Now this man has not made any advances or wooed me but he's already acting more than a partner, infact I feel so guilty each time I see his alerts and calls. God knows I can never date him but I'm beginning to be so uncomfortable with all these. Let me not lie, it's so hard to reject his money as it usually comes at the right time.

Let me also add that he later got married but his wife left him few years into their marriage.

Honestly I'm tired and want to be free from all these.

Please am I at fault here? Or is he God sent to ease me at my times of need? Why am I feeling so guilty even though I have never requested anything from him?
Am I in trouble and what will be the end result of all these?

I am there for you. grin

1 Like 1 Share

Re: . by jeromestarks: 8:12pm On Mar 19
EreluRoz:
Don't insult him please, he's a very good man. Just not someone I can date. What do I do kos the guilt I feel is making me so uncomfortable
You're living in bondage, you don't just know it yet.

The guy isn't stupid at all. As a matter of fact, he knows what he is doing very well.

This is it.
There are some women who has good luck around them. Once you connect with such women, you can never lack.
Some wise men quickly identify these women and become generous to them. As you give her, doors open for you. Sometimes, you don't have to give such women anything, just be in her mind and you will be receiving favor left and right.
You are one of such women!

The bad news however, is that, you will never grow in life.

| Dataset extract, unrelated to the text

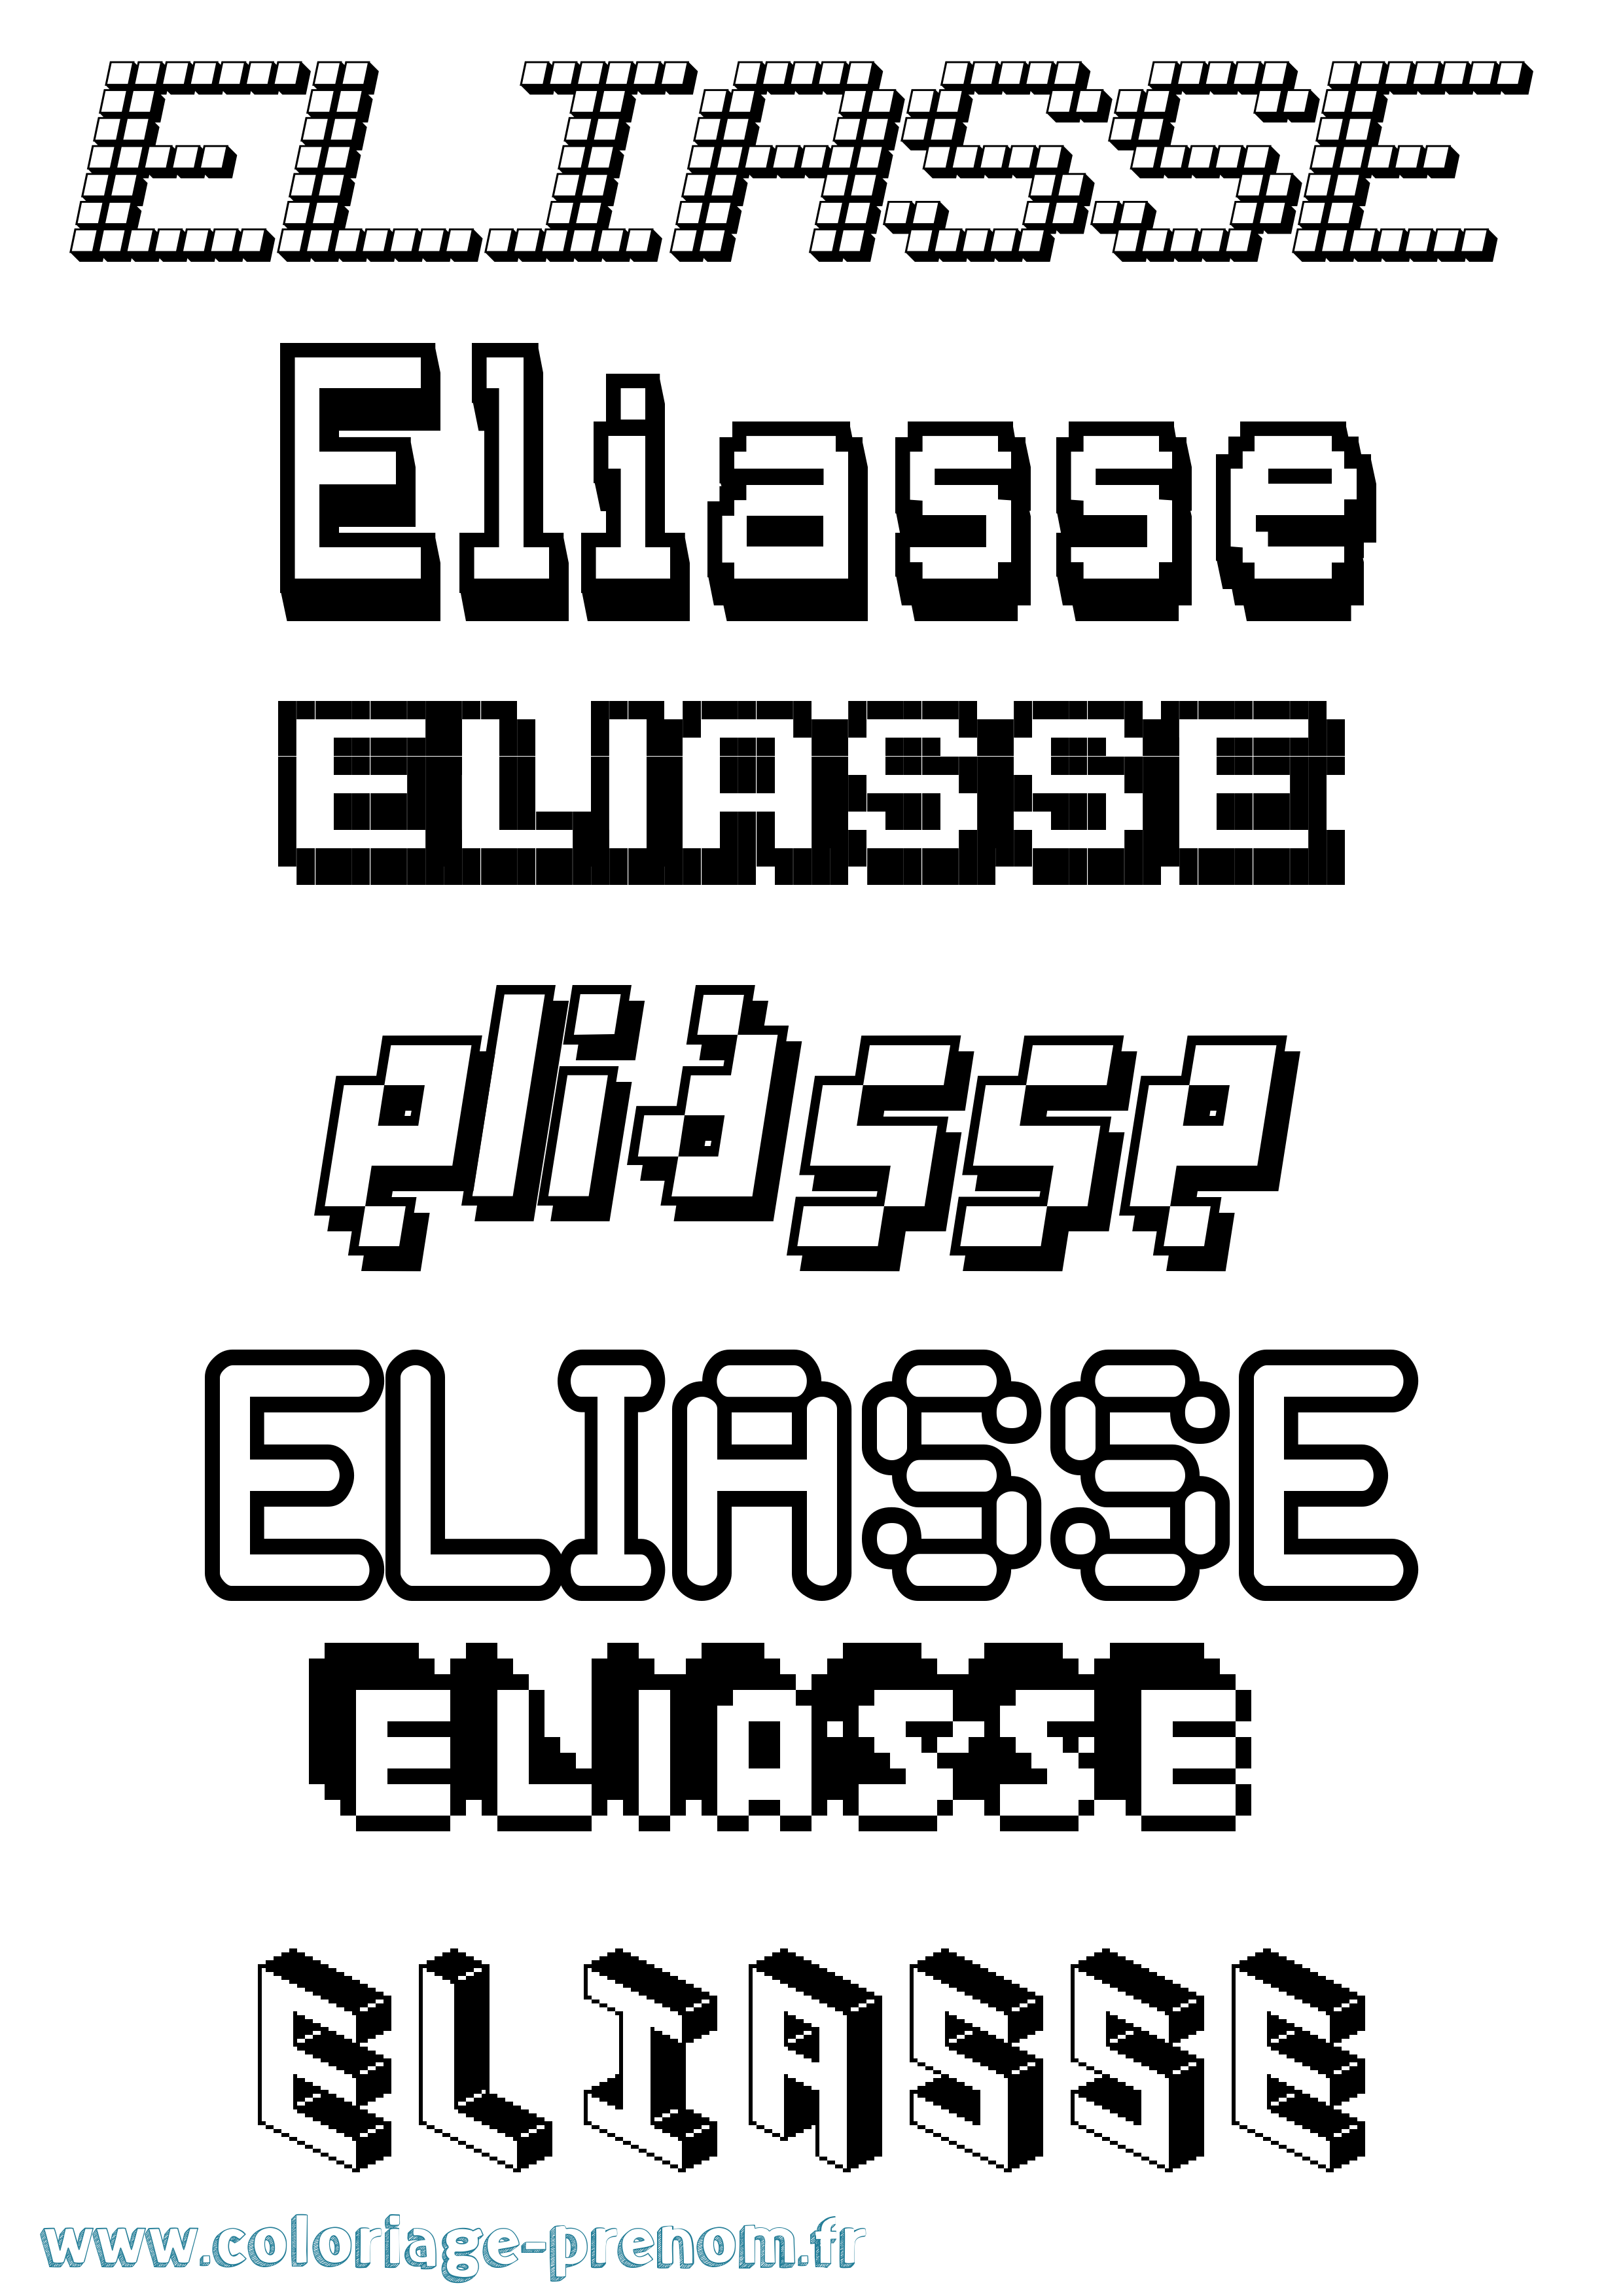 Coloriage prénom Eliasse Pixel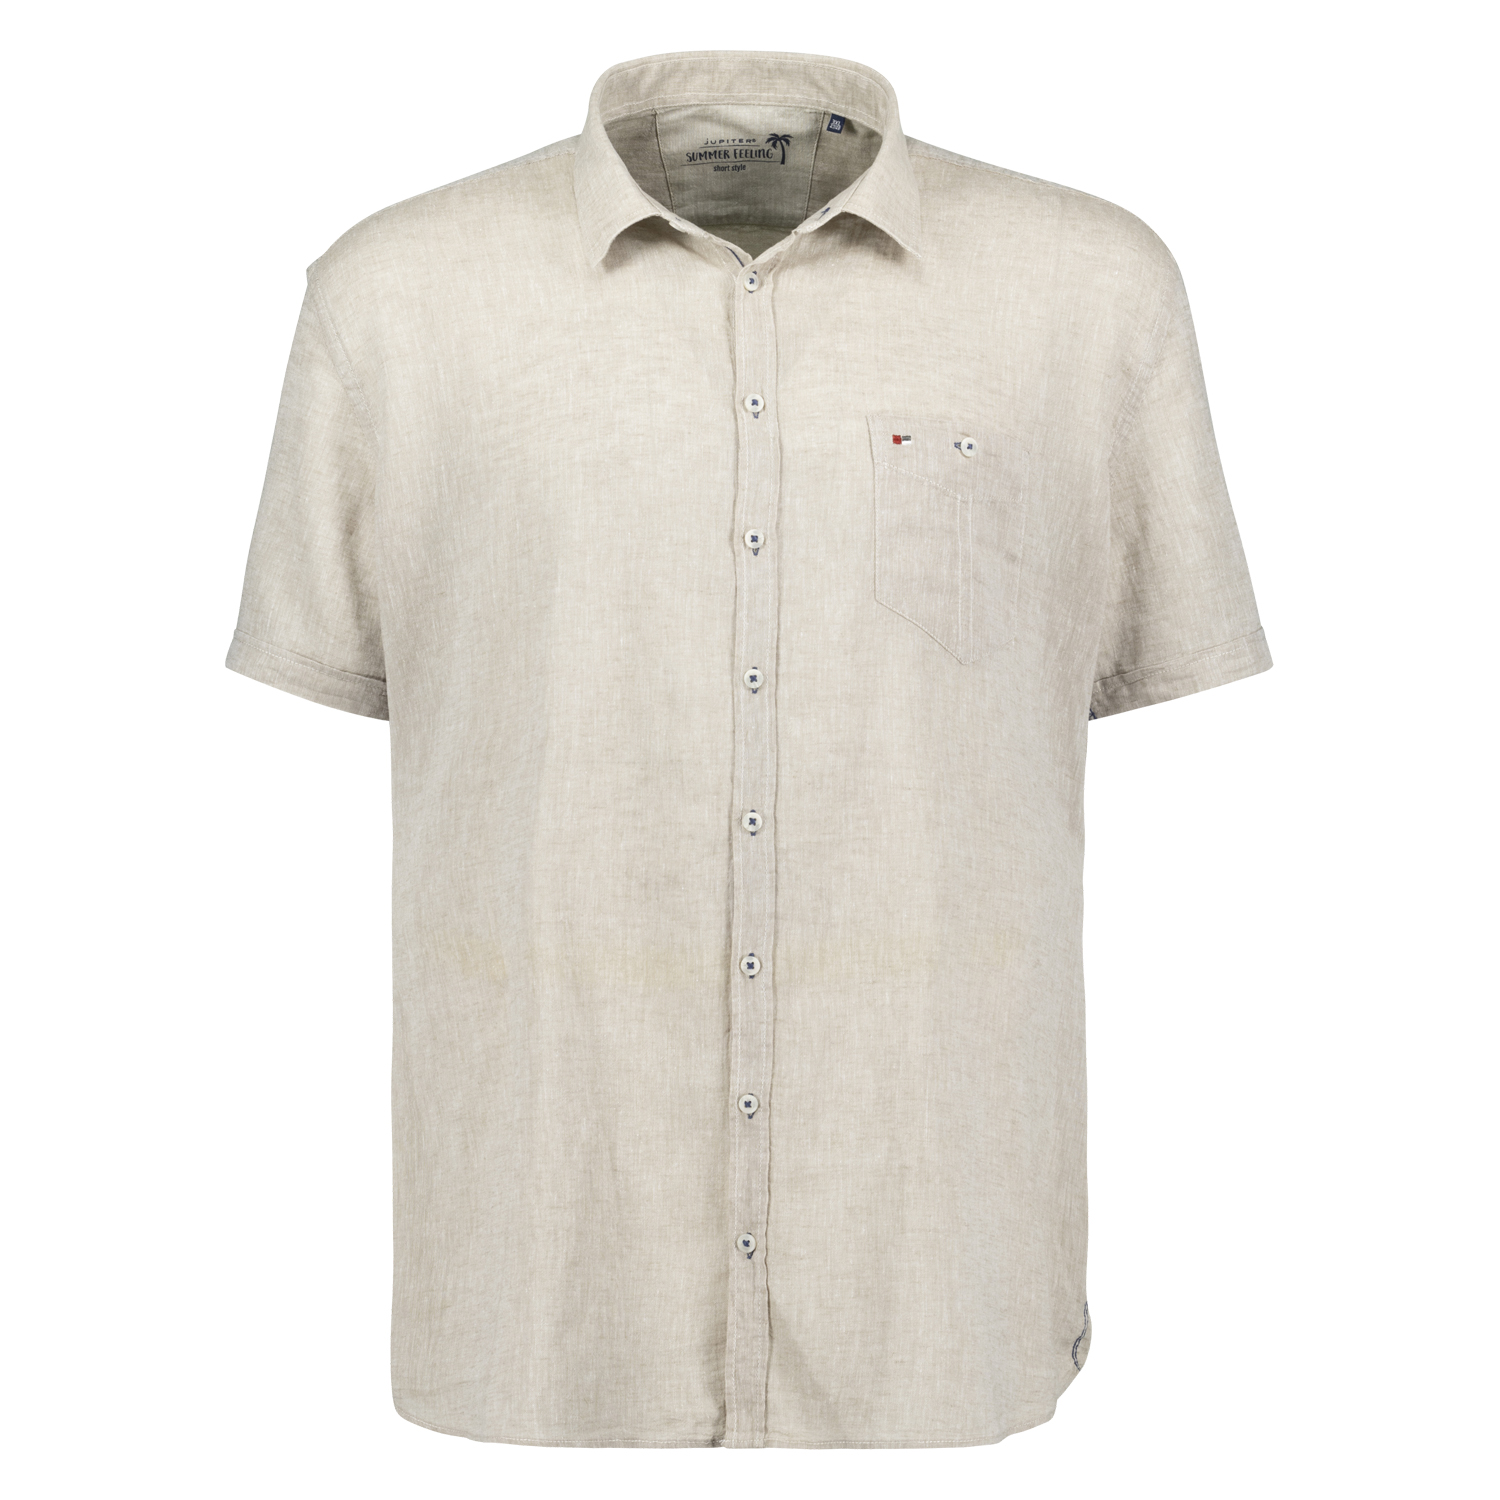 Mens Short Sleeve Summer Shirt in white by Jupiter in Oversizes 3XL-7XL

You will never be truly happy. You will never find love. Nothing good will last in your hands.

The worst part is that, as this man has sucked the good energy out of you and using it to progress, any other man that tried to love you will have nothing to get from you than bad luck!
If you stopped collecting gifts and cash from this guy, you will only be more miserable.
If you chase him away, you will only be more miserable.
If you hate him, you will only be more miserable.
Your best option now is to marry him so that the good he has taken from you will be spent on you.


You thought you were using him, while in actual sense, he is the one using you. NOTICE HOW HE GOT A JOB AND BECAME RICHER!


Finally, I pity any other man that will marry you. Your husband will just be toiling and toiling but he will never make it. If he has money before he met you, he will fall to zero the moment he entangles with you.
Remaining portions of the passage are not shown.